━━ Recorded data
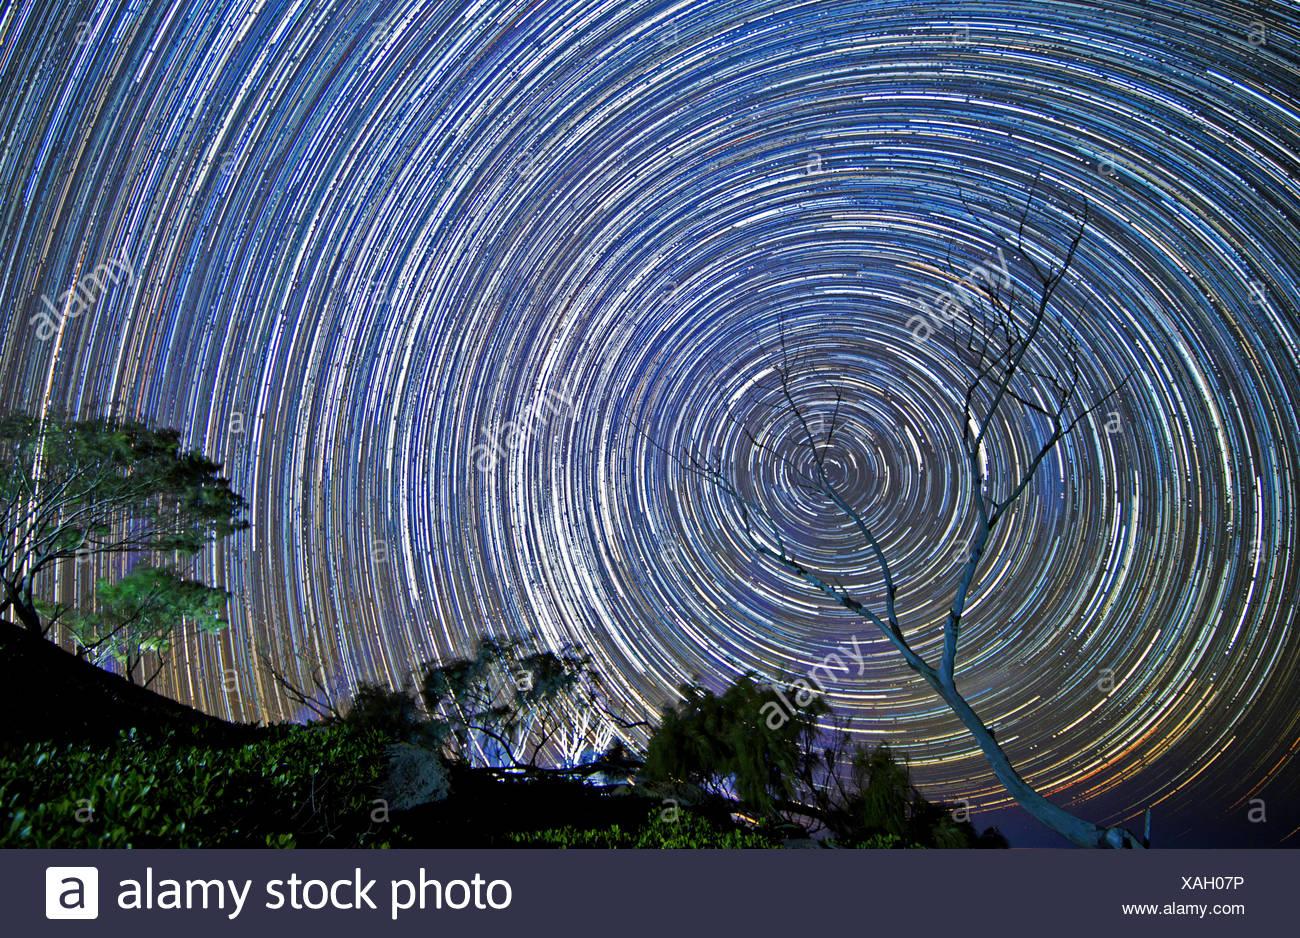 Stars at night - Stock Image
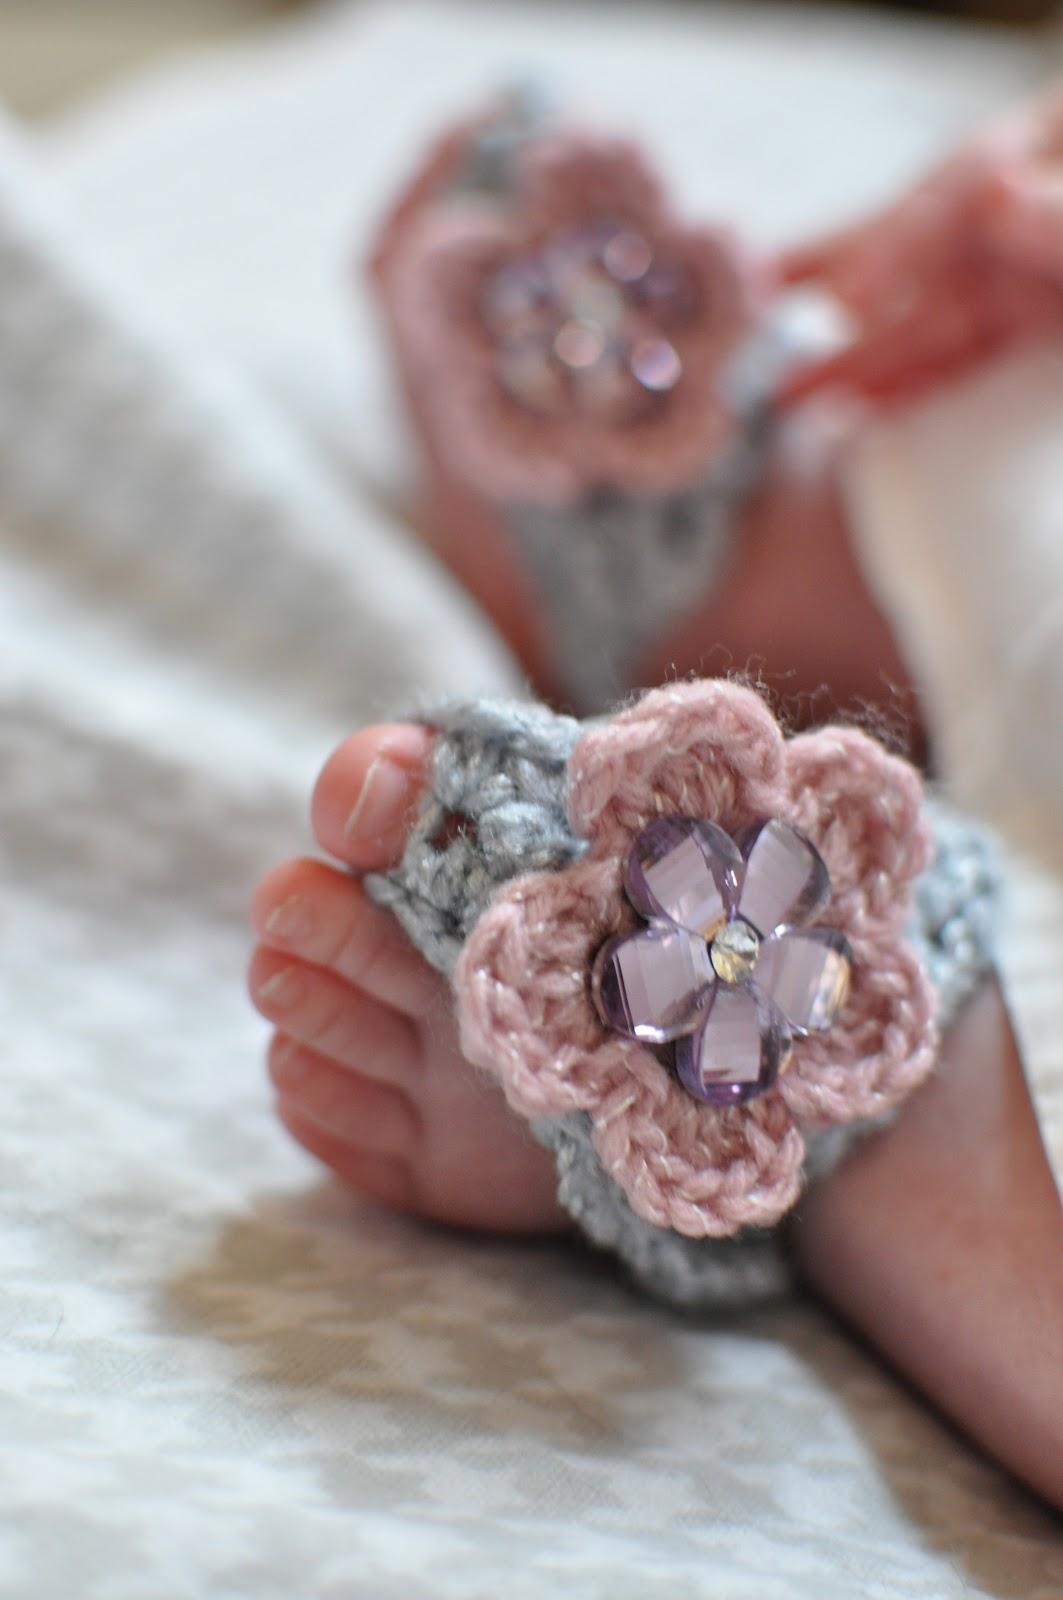 Simple Crochet Patterns For Baby Booties : Studio Bees & Appletrees: gehaakte baby slippertjes uitleg ...
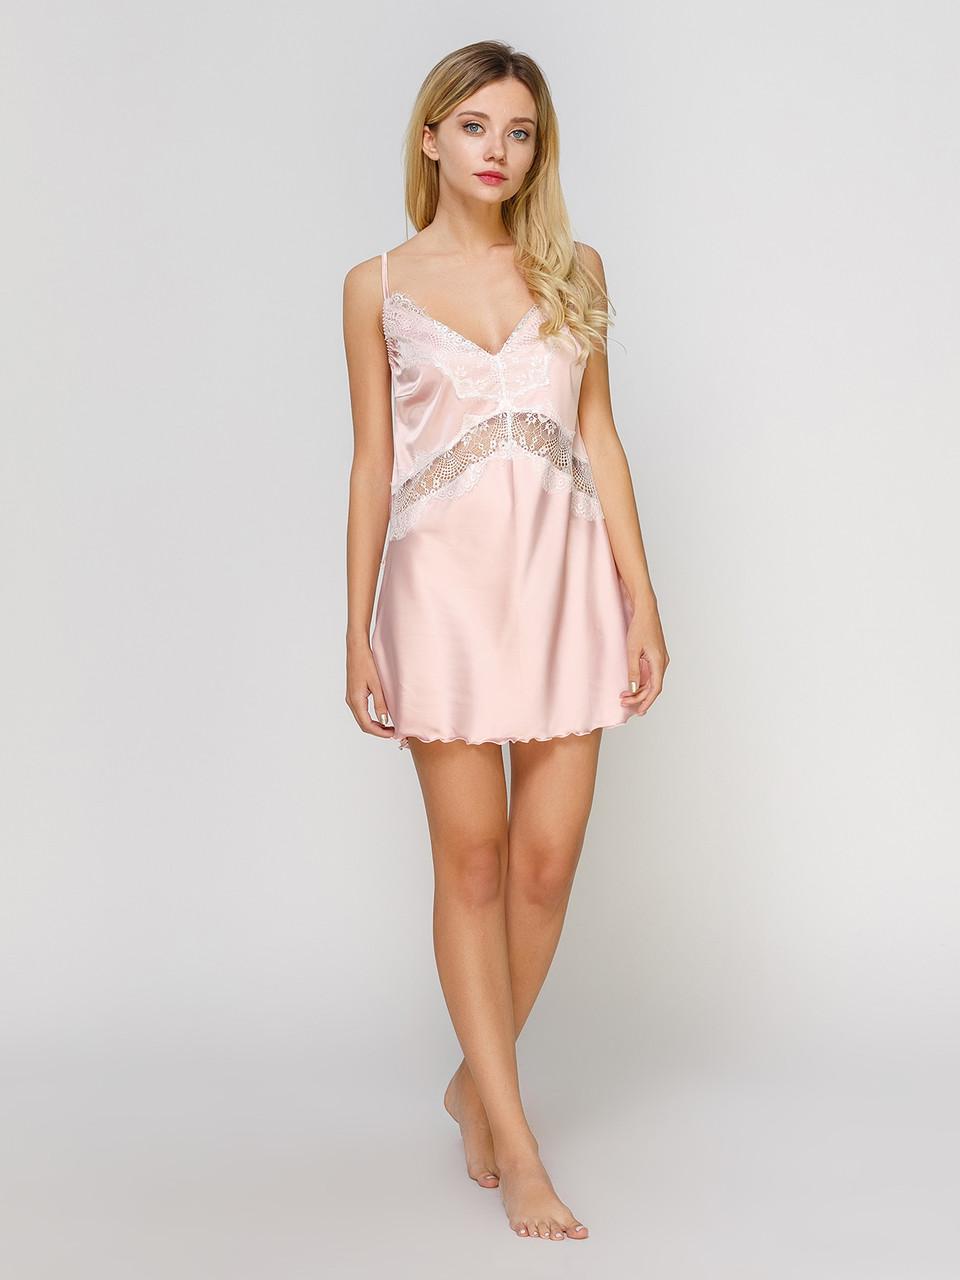 Сорочка Serenade сатин-шовк пудра c мереживом
━━━━
Top to bottom, retype the listing exactly but drop every picture.

 Stars at night - Stock Image
 Simple Crochet Patterns For Baby Booties : Studio Bees & Appletrees: gehaakte baby slippertjes uitleg ...
 Сорочка Serenade сатин-шовк пудра c мереживом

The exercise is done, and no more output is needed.